3.1  Length of term

Jurisdictions may either define the contract term:

(a)  as a fixed concession period (e.g. 25 years) commencing from the date of contract signing or Financial Close; or

(b)  as a separate design and construction phase and operating term, with the operating term being a fixed period (e.g. 25 years) commencing from the Date for Completion (thereby fixing the operating term irrespective of when the private party actually achieves Completion).

Depending on which approach is adopted by a jurisdiction, the end of the contract term, subject to any earlier termination, may be either the last day of the concession period or the last day of the operating term.

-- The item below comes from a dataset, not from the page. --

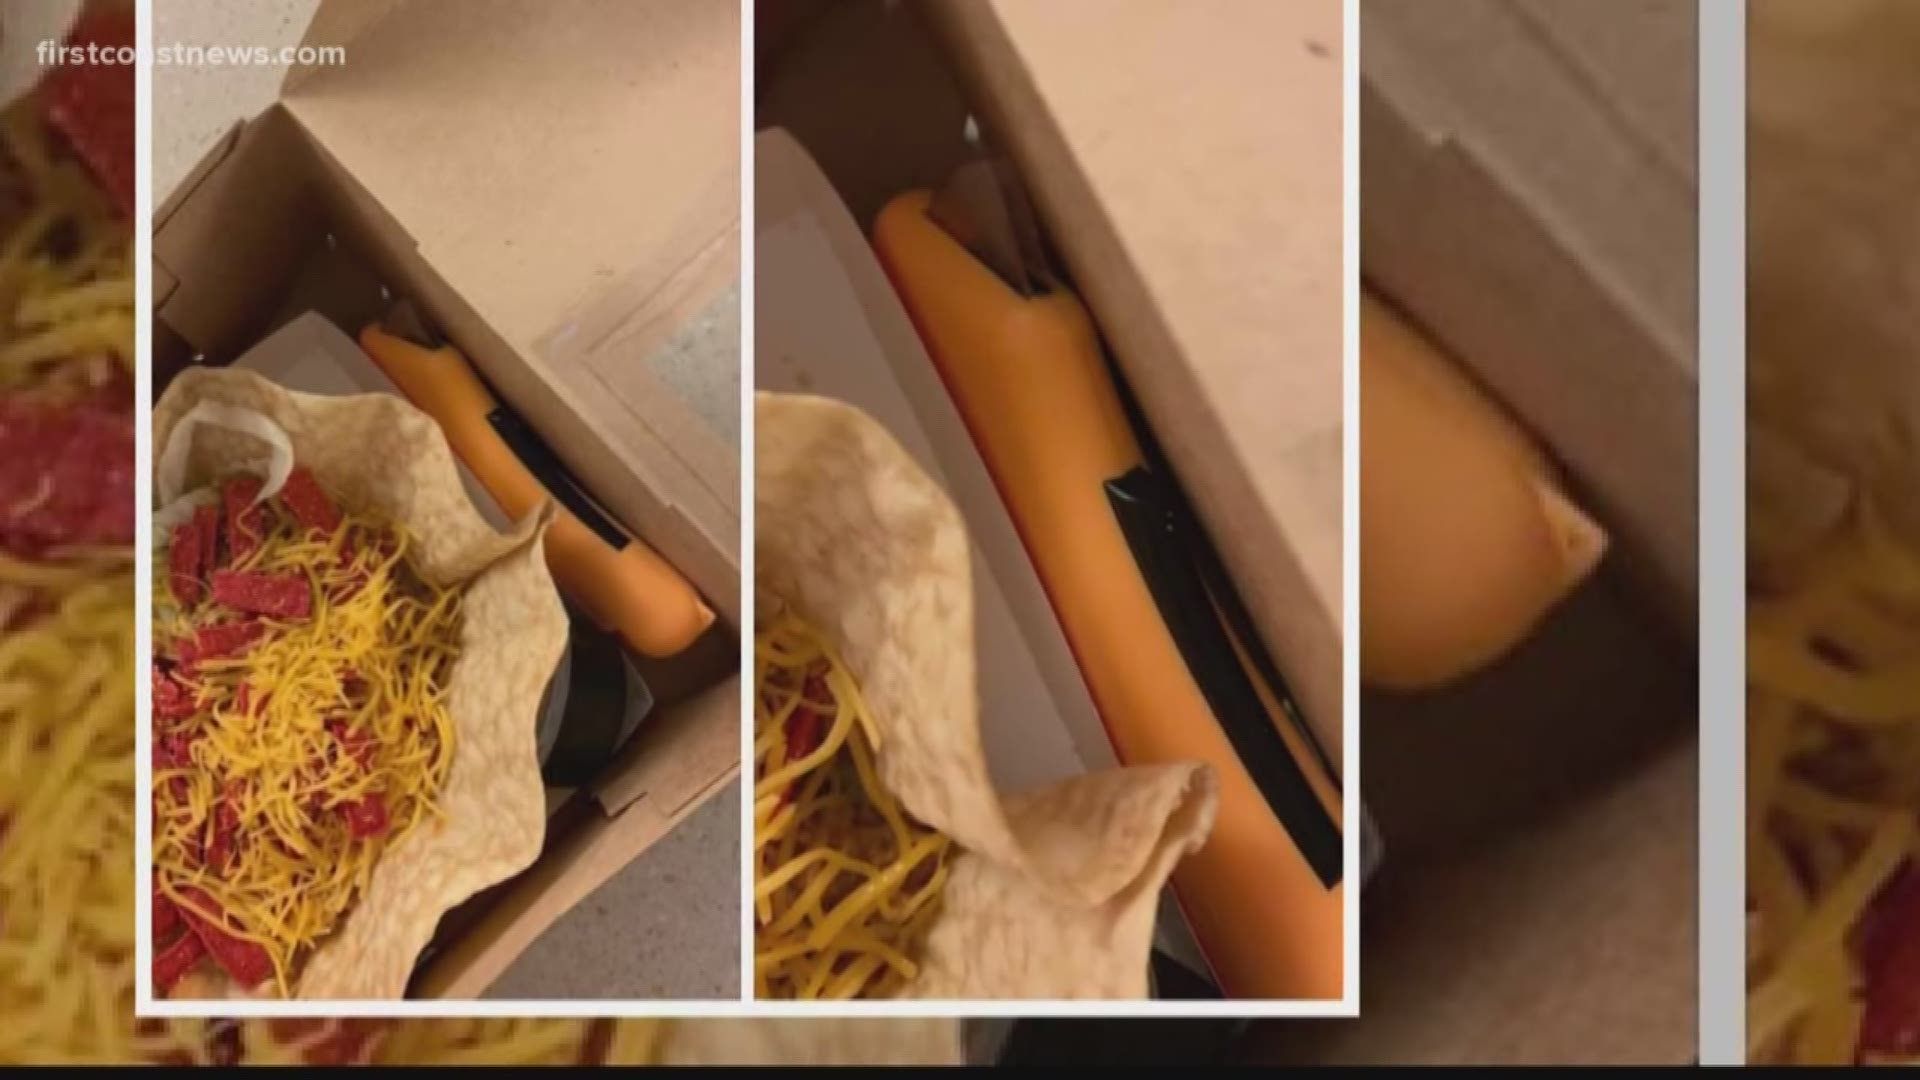 She immediately called the restaurant and told them what she found in her order and was told, "Sorry, it must have fallen in the box."

The contract term will be fixed by reference to factors such as:

 the anticipated duration of government's need for the services;

 the expected economic life of the asset and anticipated timing of major upgrade or refurbishment;

 the expected technological life of the asset;

 the minimum term considered necessary to deliver a reasonable return to the private party on its investment and amortise the capital value of the asset such that the asset can be transferred to government without further payment (or, if the private party is to retain the asset, amortise the capital value of the asset to the extent necessary to enable the private party either to make economic alternative use of the asset or abandon it as redundant);

 the need not to unduly limit government's flexibility in the longer term; and

 where a concession period is used, the likely length of the design and construction phase.